CA Supreme Court Expands Disclosure of Past Police Misconduct, Overriding Privacy Objections
The California Supreme Court on Monday expanded rules for telling suspects that they’ve been arrested by a police officer who has previously been accused of taking bribes, tampering with evidence or witnesses, lying or using excessive force.
The justices ruled that a suspect’s right to a fair trial outweighs the privacy rights of officers who might have a history of bad behavior.
Justices rejected a lower court ruling that barred the Los Angeles County Sheriff’s Department from giving prosecutors the names of deputies accused of improper conduct.
“The importance of a fair trial to a criminal defendant is paramount to our justice system, and this reinforces that,” said attorney Geoffrey Sheldon, who argued the case on behalf of the department.
Longstanding U.S. Supreme Court rulings require prosecutors to share that background with defendants, who can then use it to argue that they were framed or otherwise harmed by rogue officers.
But California has some of the nation’s tightest privacy rules involving law enforcement officers.
The justices noted that a new law requiring more public disclosure of police misconduct means some police records are no longer confidential.
The law requires public access to records if an officer has been found by the agency that employs them to have improperly used force or discharged firearms, committed sexual assaults on the job, or has been dishonest in official duties.
Some officers manage to stay on the force — even if violations are sustained by their department — if the conduct was not criminal, prosecutors declined to file charges or officers were not convicted.
Some can keep their jobs even with certain criminal convictions.

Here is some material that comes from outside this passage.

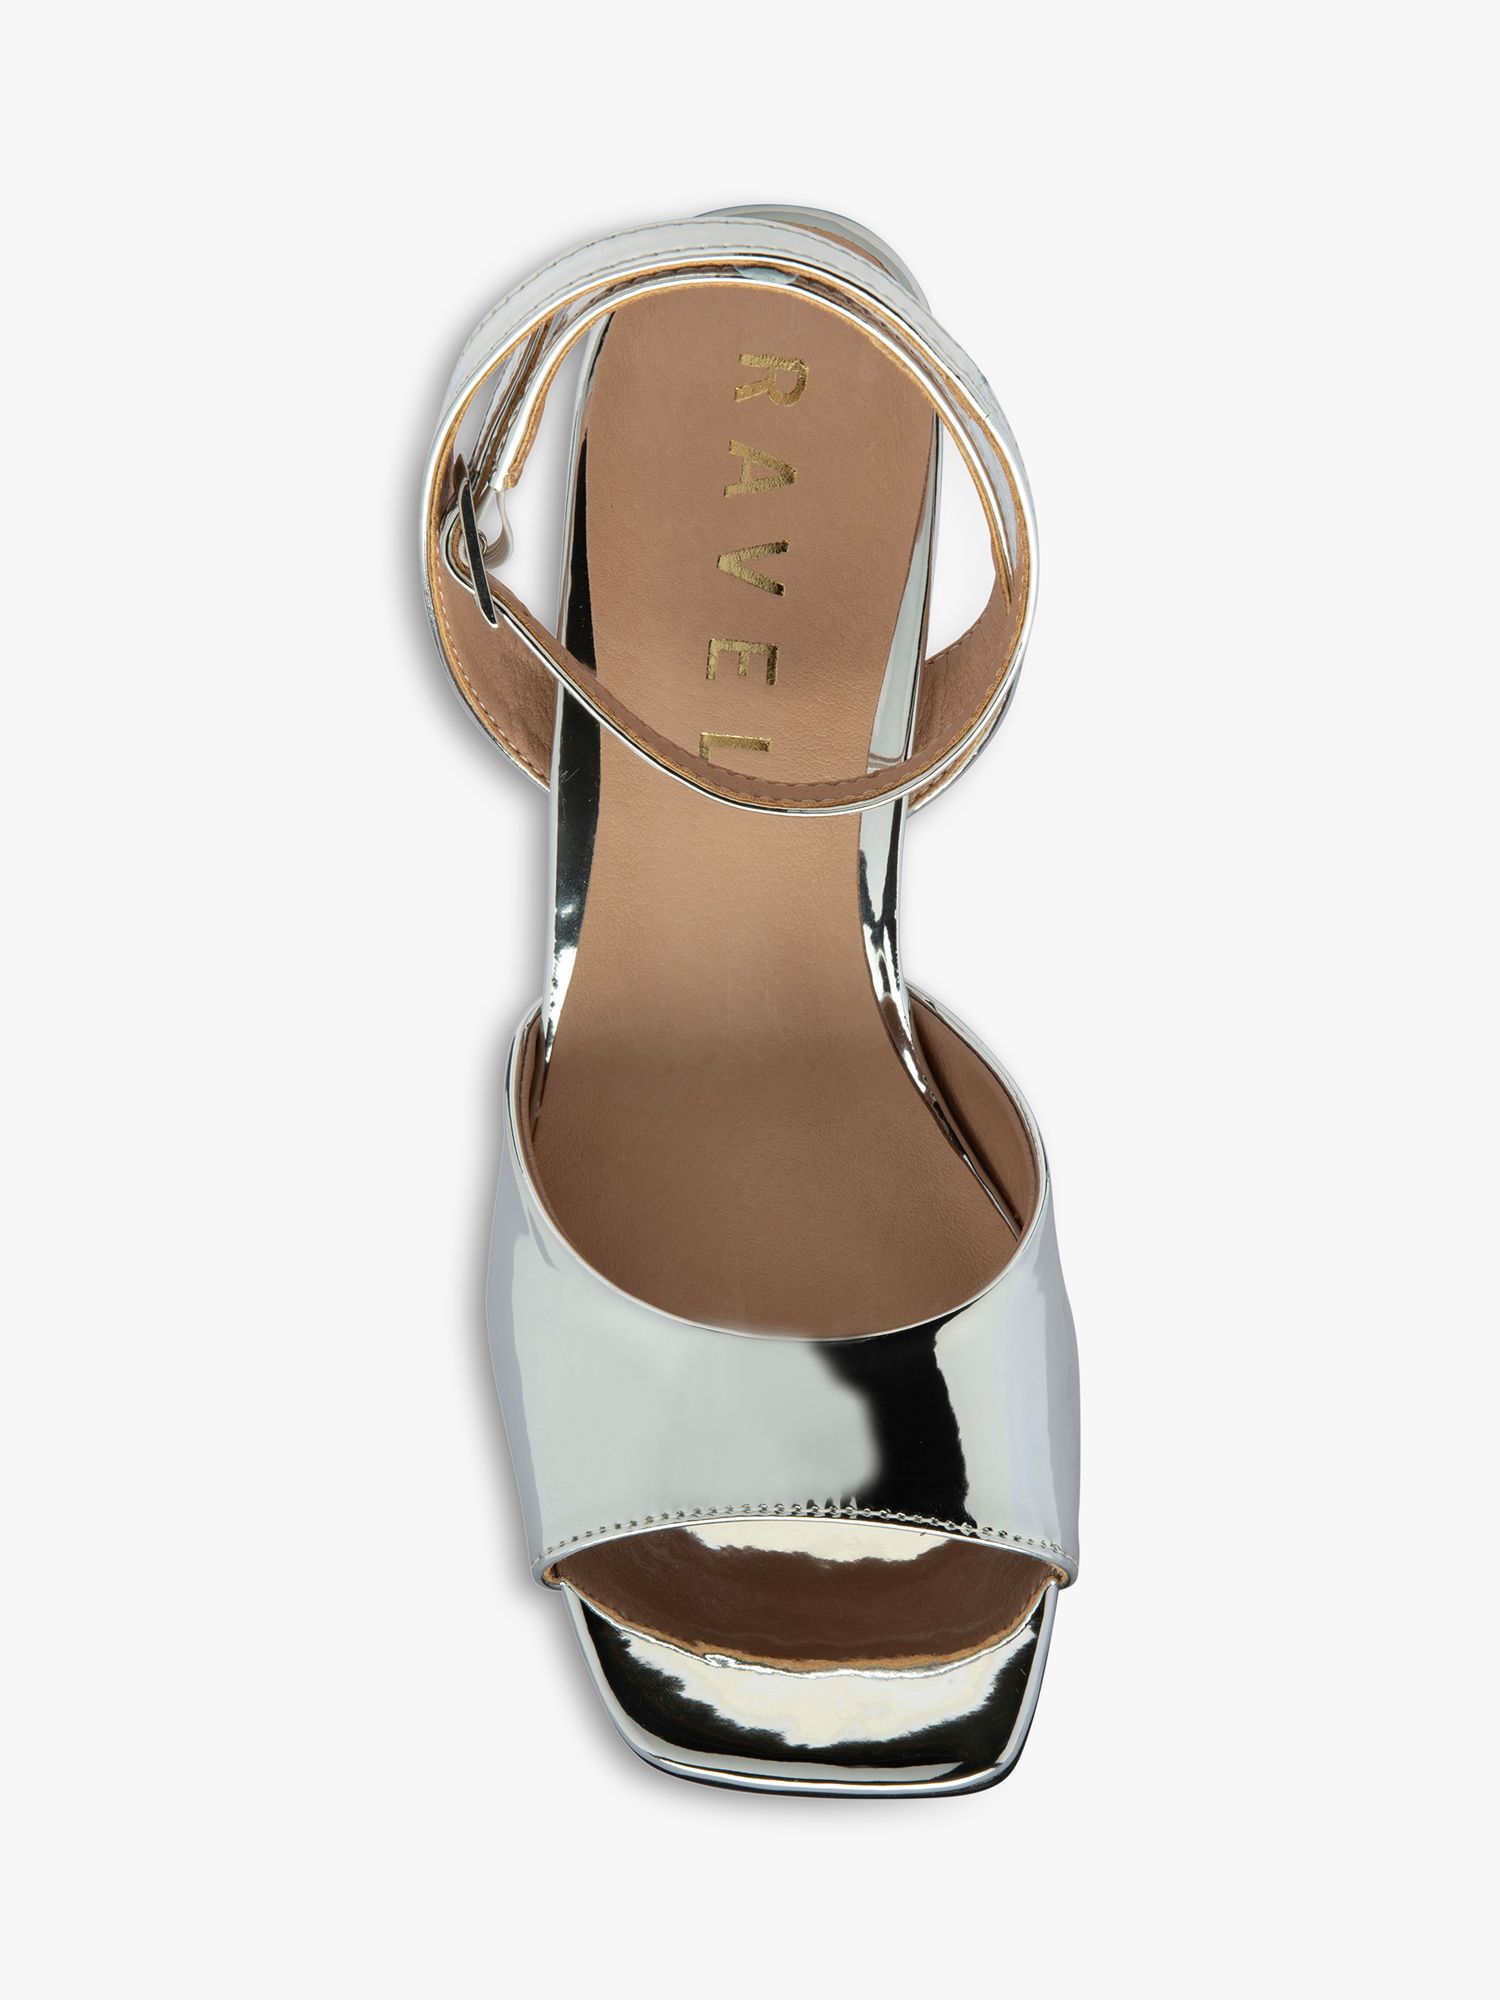 Buy Ravel Pettigo Metallic Stiletto Heel Sandals Online at johnlewis.com
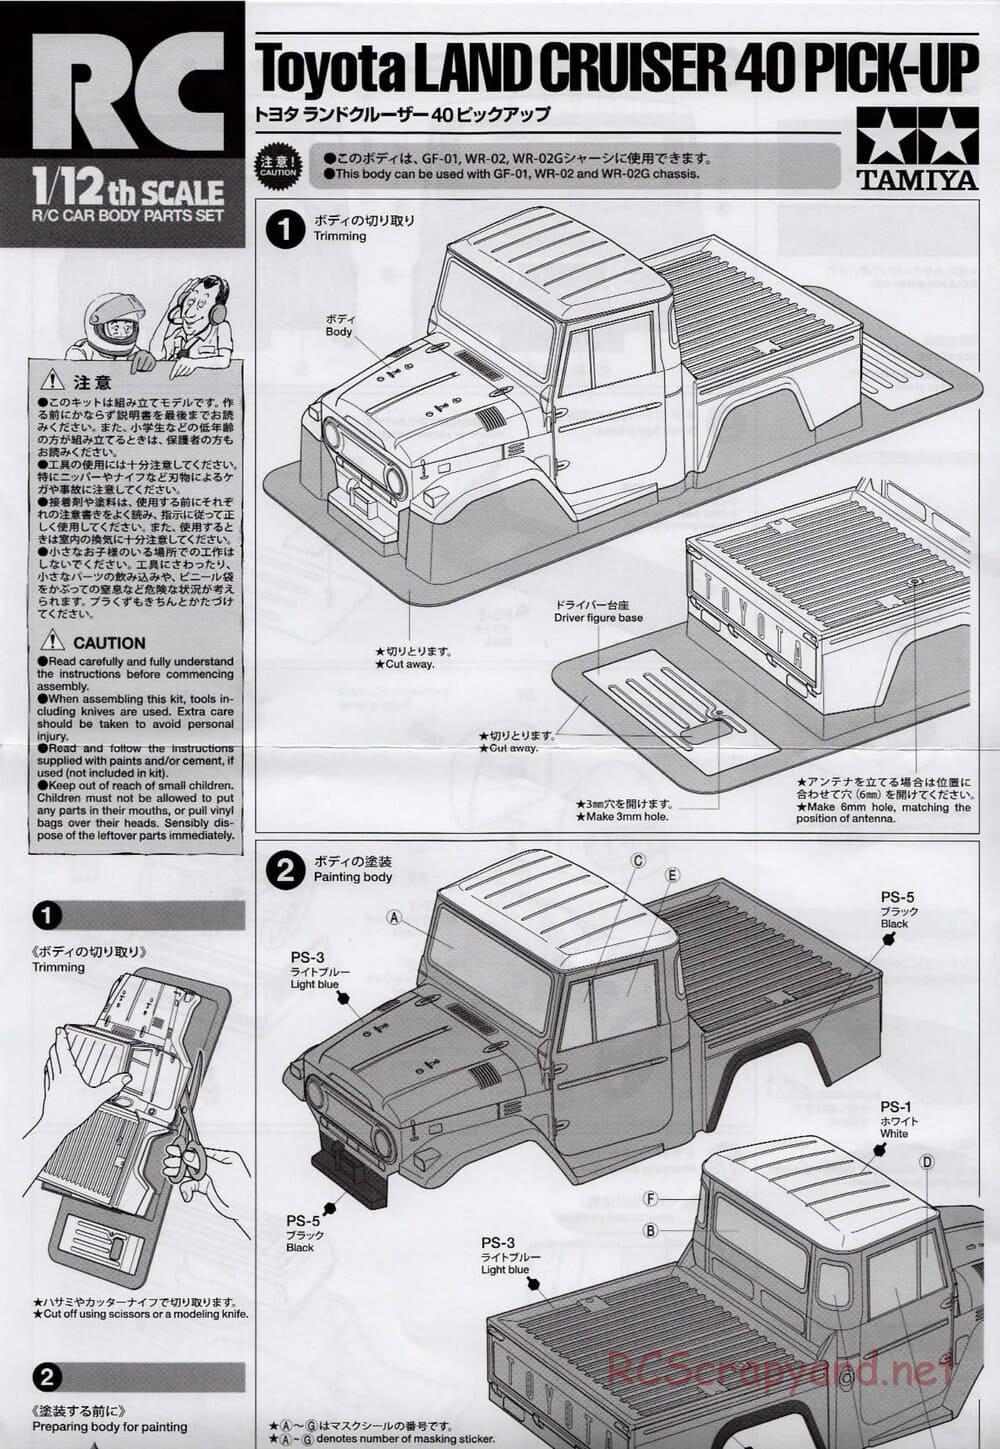 Tamiya - Toyota Land Cruiser 40 Pick-Up - GF-01 Chassis - Body Manual - Page 1

Others appeal their discipline and are reinstated.
Law enforcement unions have tried unsuccessfully to block public disclosure of records from incidents that took place before this year, arguing that the law shouldn’t be retroactive.
The Association of Los Angeles (County) Deputy Sheriffs argued that disclosure of so-called “Brady lists” also violated deputies’ due process rights.
The list “is a direct product of a flawed disciplinary process,” union officials said in response to the court’s ruling. “This flawed disciplinary process, which may be filled with bias, grudges, faulty analysis and outright misrepresentation, has plagued the Sheriff’s Department for decades.”
The California District Attorneys Association said 22 of the state’s 58 counties have adopted disclosure policies, though some provide prosecutors with a full list while others disclose the name only when a specific officer is subpoenaed to testify in a particular case.
The justices said officers’ names can be disclosed to prosecutors only when they are relevant to a particular case, with no blanket disclosure.
The name of the list stems from a 1963 U.S. Supreme Court ruling, Brady vs. Maryland, that prosecutors must disclose any evidence in their possession that might help defendants.
Eleven years later, the California Supreme Court decided that evidence can include information from a peace officer’s otherwise confidential personnel file. But to get it, defendants must show “good cause” in each case and a judge must privately review the officers’ records before releasing any relevant information.
It is not a violation of confidentiality to disclose to prosecutors that an officer is on the Brady list even if the underlying records are confidential, the high court ruled. Prosecutors can then ask the court to review the officers’ file and release any pertinent details.
“In this context, construing the … statutes to cut off the flow of information from law enforcement personnel to prosecutors would be anathema to Brady compliance,” said the opinion written by California Supreme Court Chief Justice Tani Cantil-Sakauye, whose husband is a retired Sacramento police lieutenant.
The Los Angeles County Sheriff’s Department compiled a list of about 300 deputies whose names it intended to send to prosecutors, though it said their actual records would not be disclosed without a judge’s order. The department has about 7,800 deputies.
The deputies’ union sued to block the department from releasing the list, arguing in part that prosecutors are only obligated to disclose what they learn in their own investigations. It’s up to defendants to seek deputies’ background information, the union argued.